- **TASK TO COMPLETE**:
Could the data below be printed out exactly, with the pictures left out?

- **COLLECTED MATERIAL**:
§ §

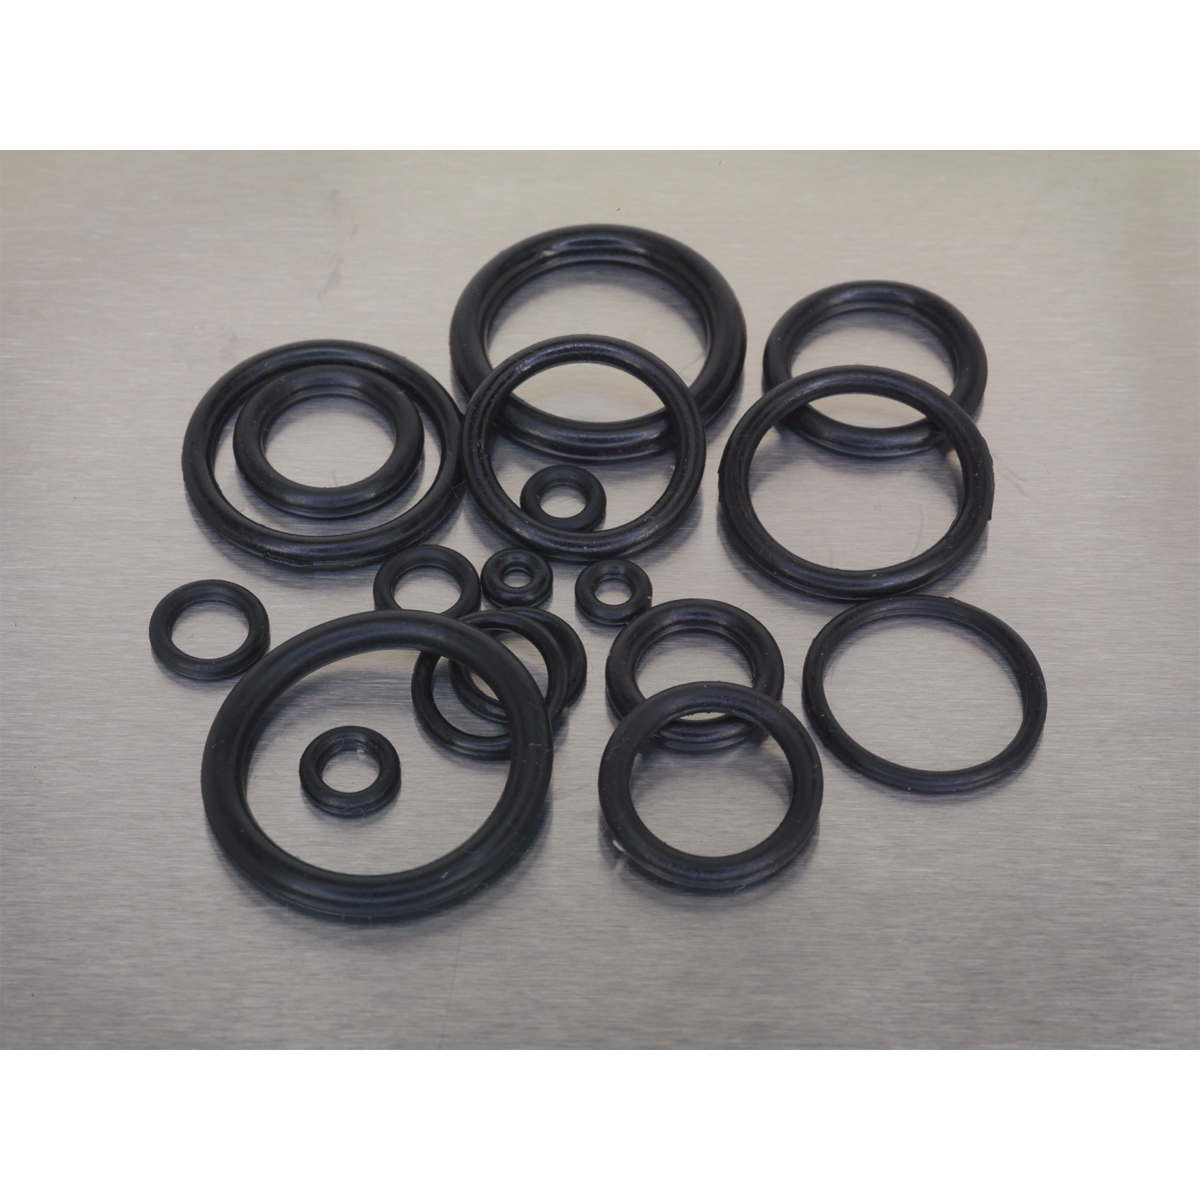 Rubber O-Ring Assortment 225pc Metric - AB004OR - Farming Parts
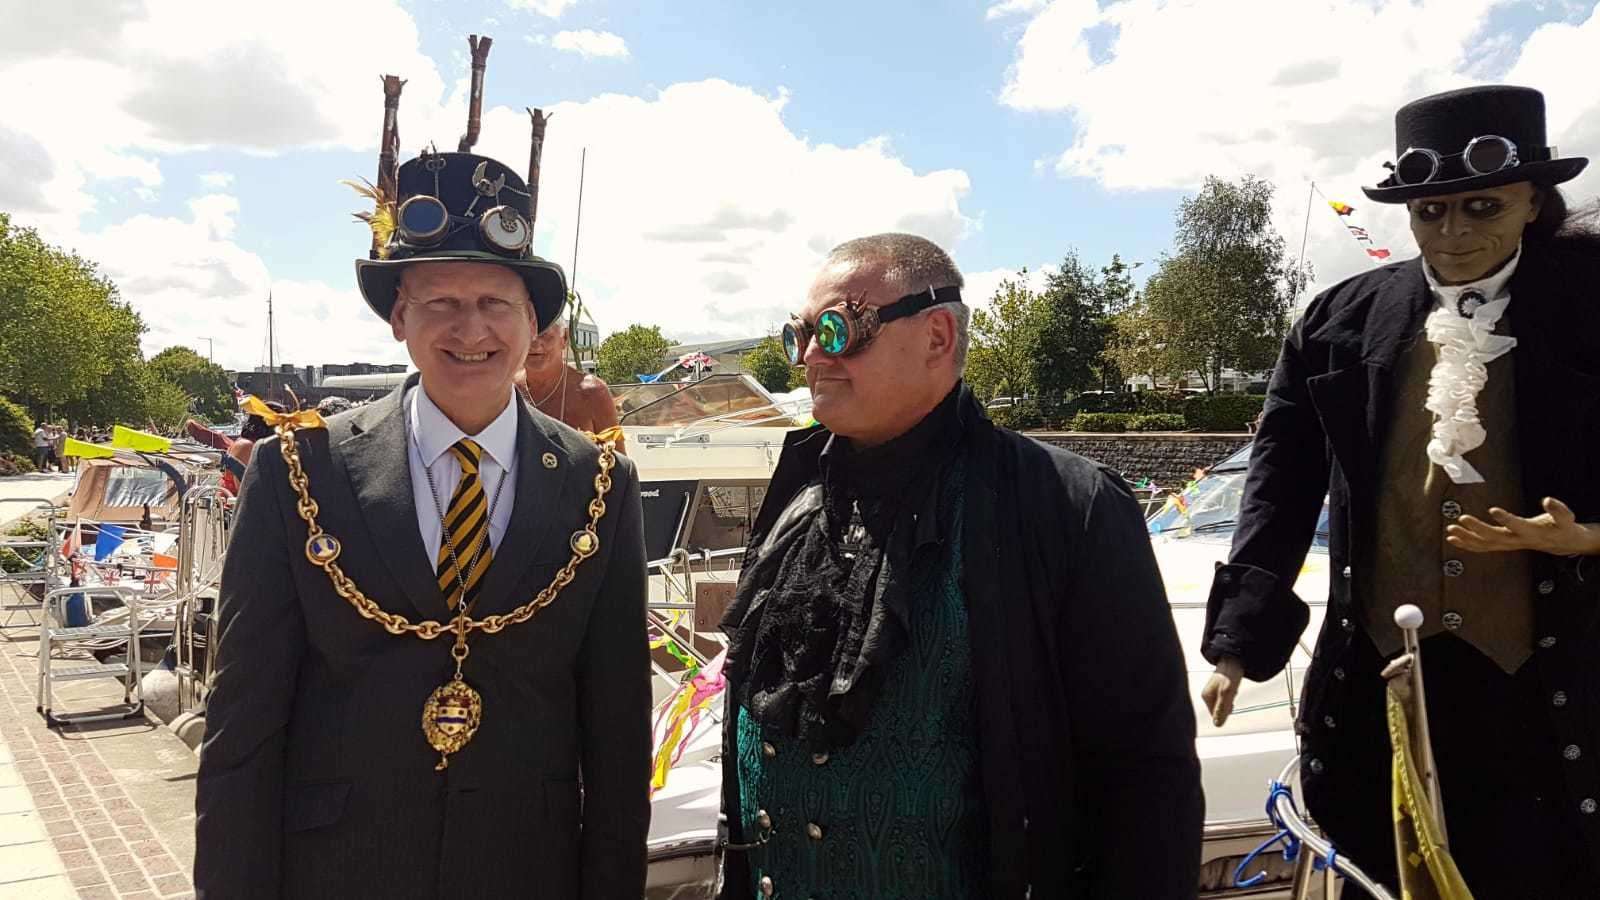 Dave Naghi (left) in his Steam Punk gear at Maidstone River Festival
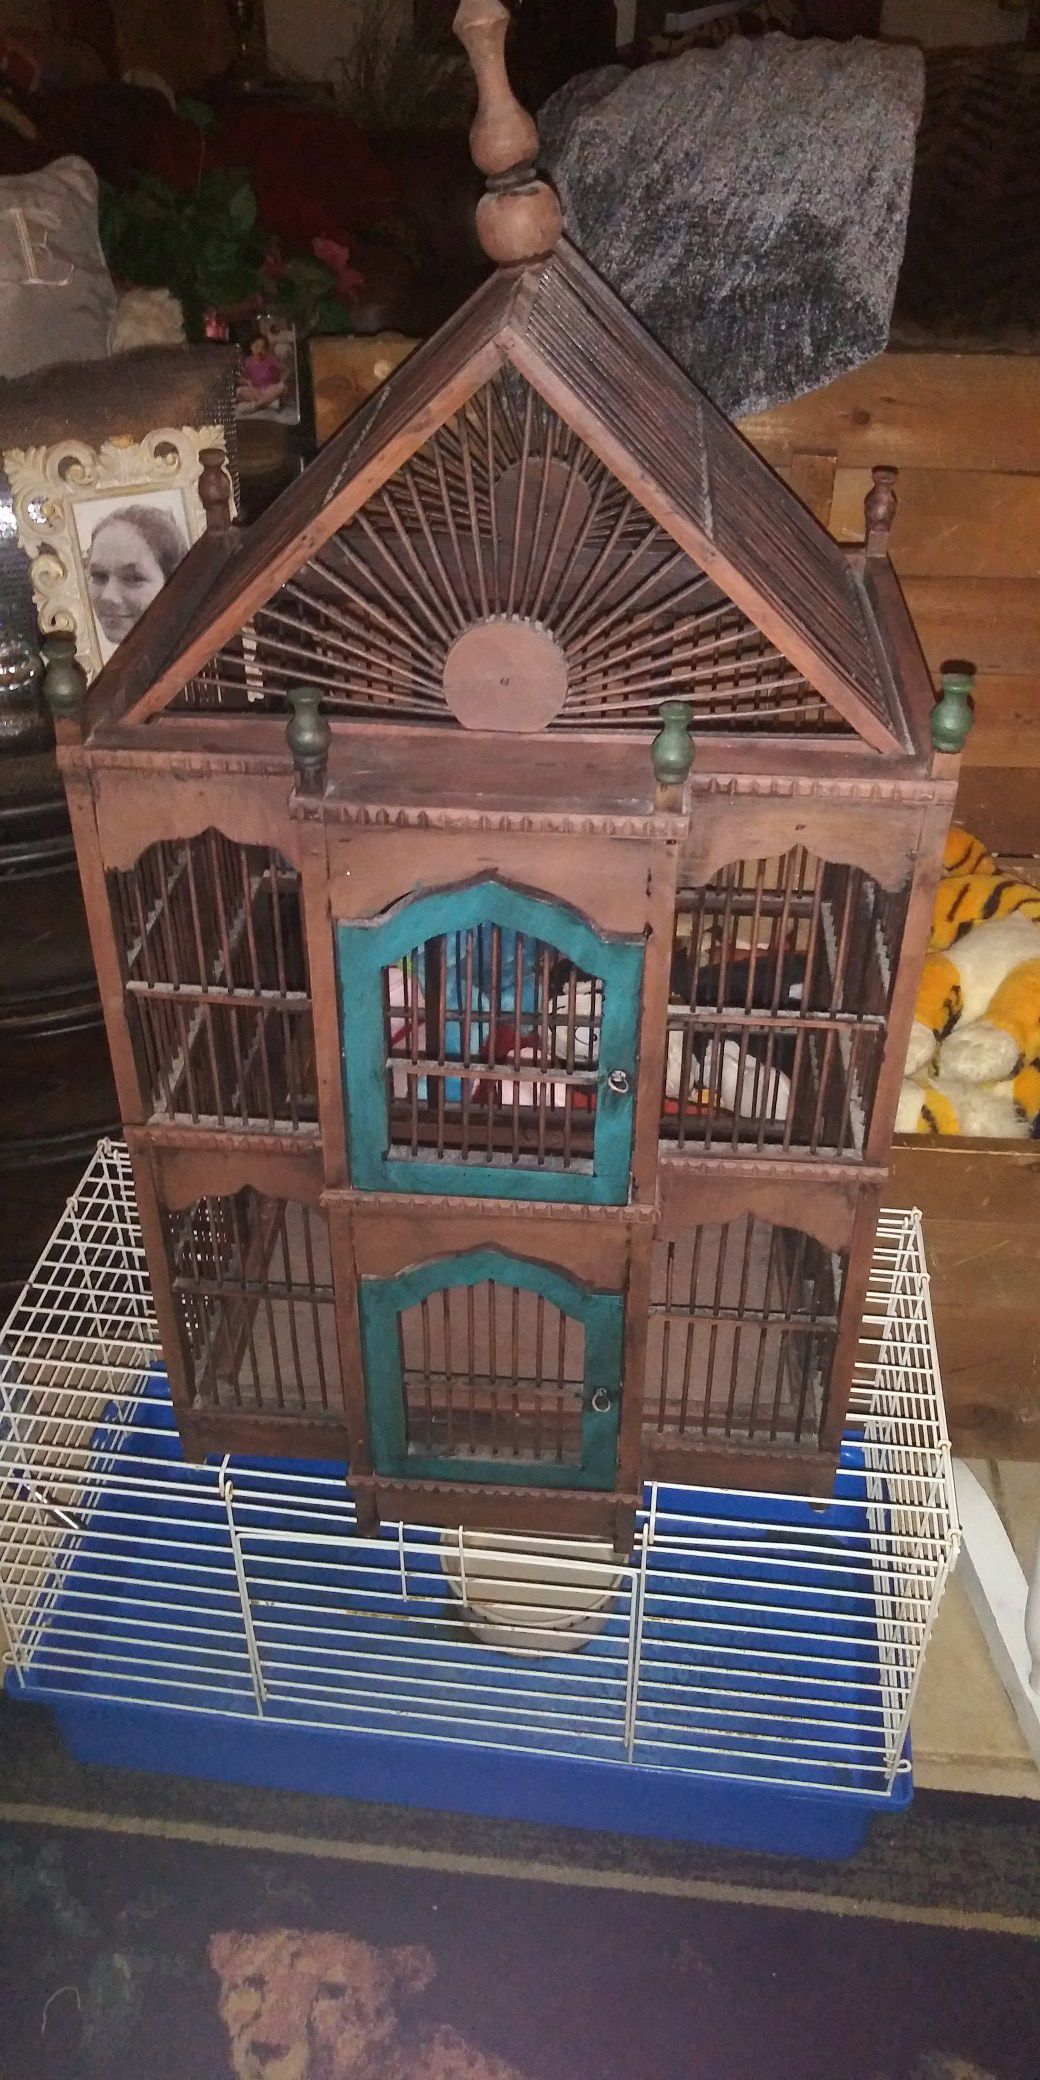 Gorgeous wood 28inht cage 14dol Is Firm lots deals my post go look

§ §

- **THE ANSWER**:
 Rubber O-Ring Assortment 225pc Metric - AB004OR - Farming Parts
 Dave Naghi (left) in his Steam Punk gear at Maidstone River Festival
 Gorgeous wood 28inht cage 14dol Is Firm lots deals my post go look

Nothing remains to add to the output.